На первых акциях протеста пожилые люди мирно маршировали в знак протеста против предлагаемого налога. 19 апреля, на второй день протестов, в толпу были выпущены боевые патроны. Протесты вскоре распространились по нескольким крупным городам, к которым присоединились группы, мотивированные всеми вышеупомянутыми жалобами. 25 апреля студенческими протестующими было основано “Университетское движение 19 апреля”. (В настоящее время правительство квалифицирует эту группу как террористическую организацию). Одетые в бело-голубой флаг Никарагуа, протестующие окружили статую Аугусто К. Сандино, почитаемая историческая фигура, от которой сандинисты получили свое название. Лидеры оппозиции призвали к отставке Ортеги. Среди них была Франциска Рамирес, также известная как “Донья Чика”, лидер крестьянского движения и активистка кампании против проектируемого межокеанского канала. Рядом с ней стояла Бьянка Джаггер, которую многие в Соединенных Штатах помнят как первую жену Мика Джаггера, но которая известна никарагуанцам как уважаемая активистка (и набожная католичка). В течение следующих недель и месяцев многие протестующие были убиты или арестованы. Другие просто исчезли. Правительство начало операцию «Лимпиеза» (операция по очистке) в июле и объявило протесты незаконными в сентябре. Широко сообщалось, что погибло около трехсот человек, но это, возможно, консервативная оценка.

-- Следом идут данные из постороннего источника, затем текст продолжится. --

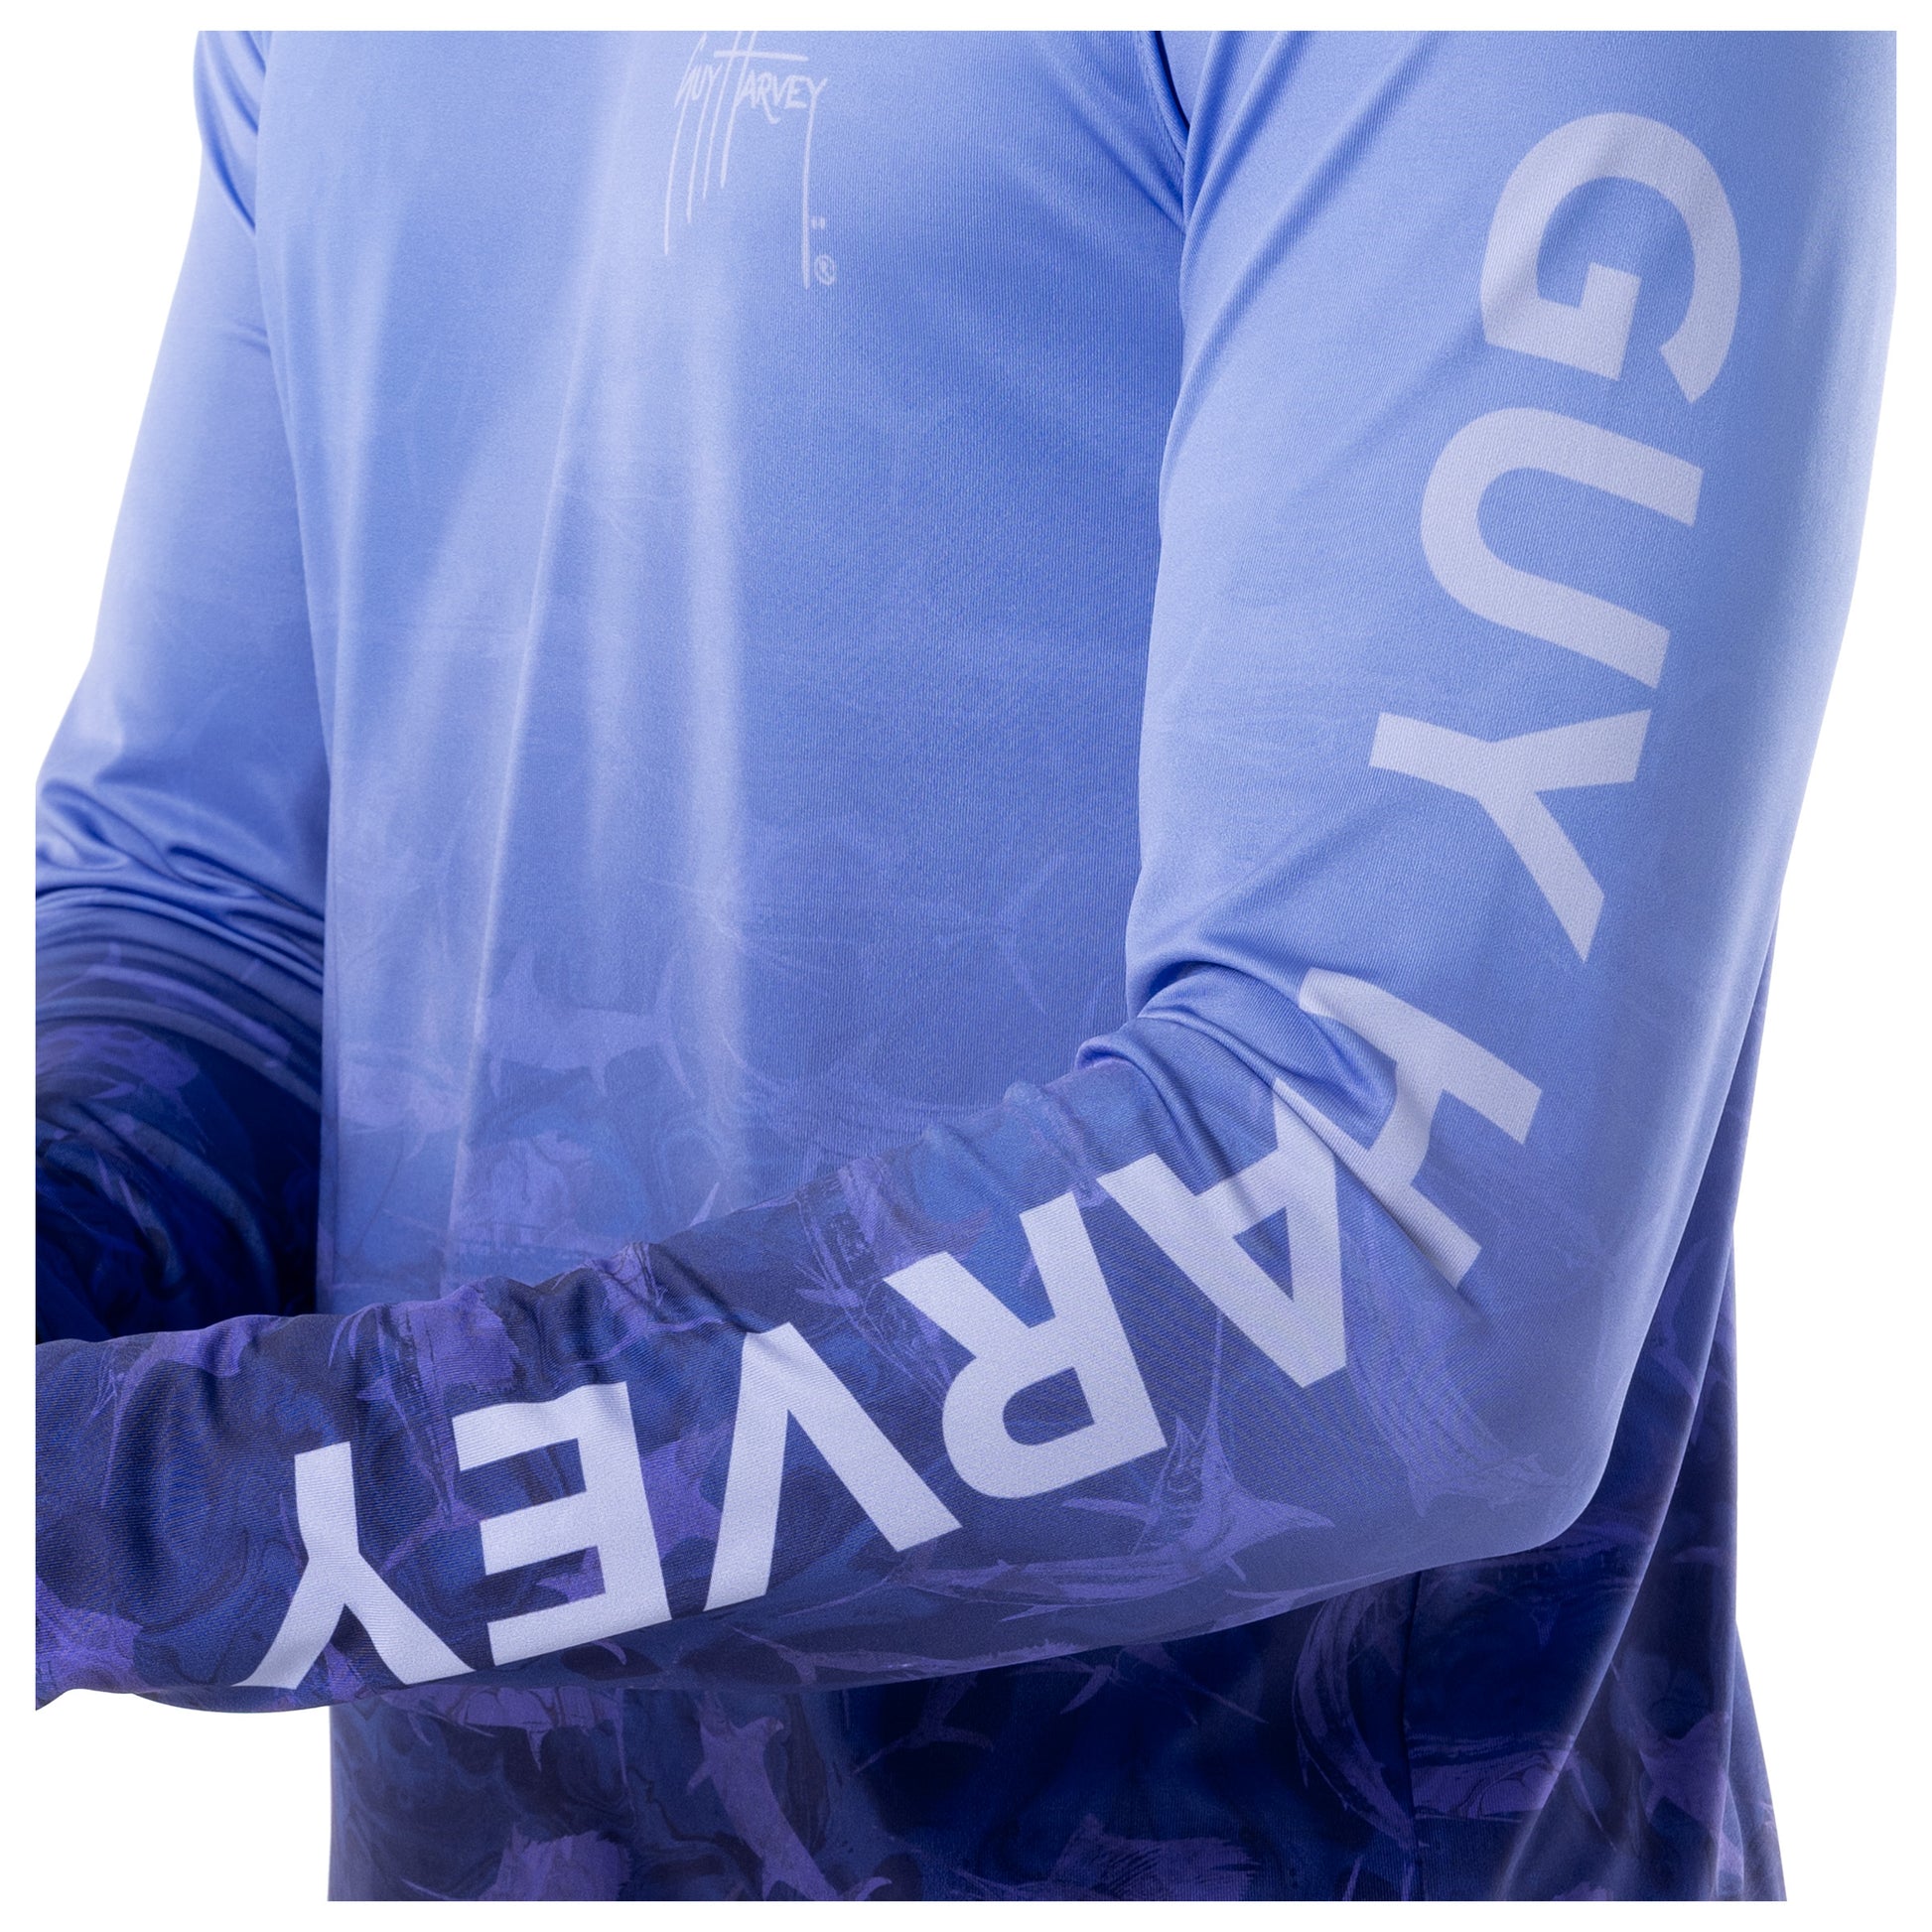 Huk Performance Navy Blue Long Sleeve Fishing Shirt Size XL Mens

Никарагуанские епископы призвали к институциональным реформам и прекращению насилия. В начале мая кардинал Леопольдо Бренес, архиепископ Манагуа и предстоятель Никарагуанской церкви, представил ряд предварительных условий для урегулирования конфликта. Церковь обратилась к правительству с просьбой разрешить Межамериканской комиссии по правам человека въезд в страну как можно скорее; подавить военизированные формирования, такие как так называемая сандинистская молодежь; прекратить репрессии полиции; и взять на себя обязательства по национальному диалогу с недовольными группами. Однако к концу месяца Бренес отменил переговоры с правительством. Обе стороны не смогли договориться даже о повестке дня переговоров. Протесты и насилие продолжались. В июле около семидесяти протестующих студентов покинули свой университетский городок и искали убежища в церкви Божественного милосердия в Манагуа. Согласно обычаю, церкви являются святилищами, но это не помешало военизированным формированиям окружить эту церковь и забросать ее пулями. Осада длилась пятнадцать часов. Люди внутри провели большую часть этого времени на полу нефа. Отверстия от пуль, пробившие стены и святые образы, не были замазаны; посетители все еще могут их видеть. Священники сохранили их в качестве доказательства.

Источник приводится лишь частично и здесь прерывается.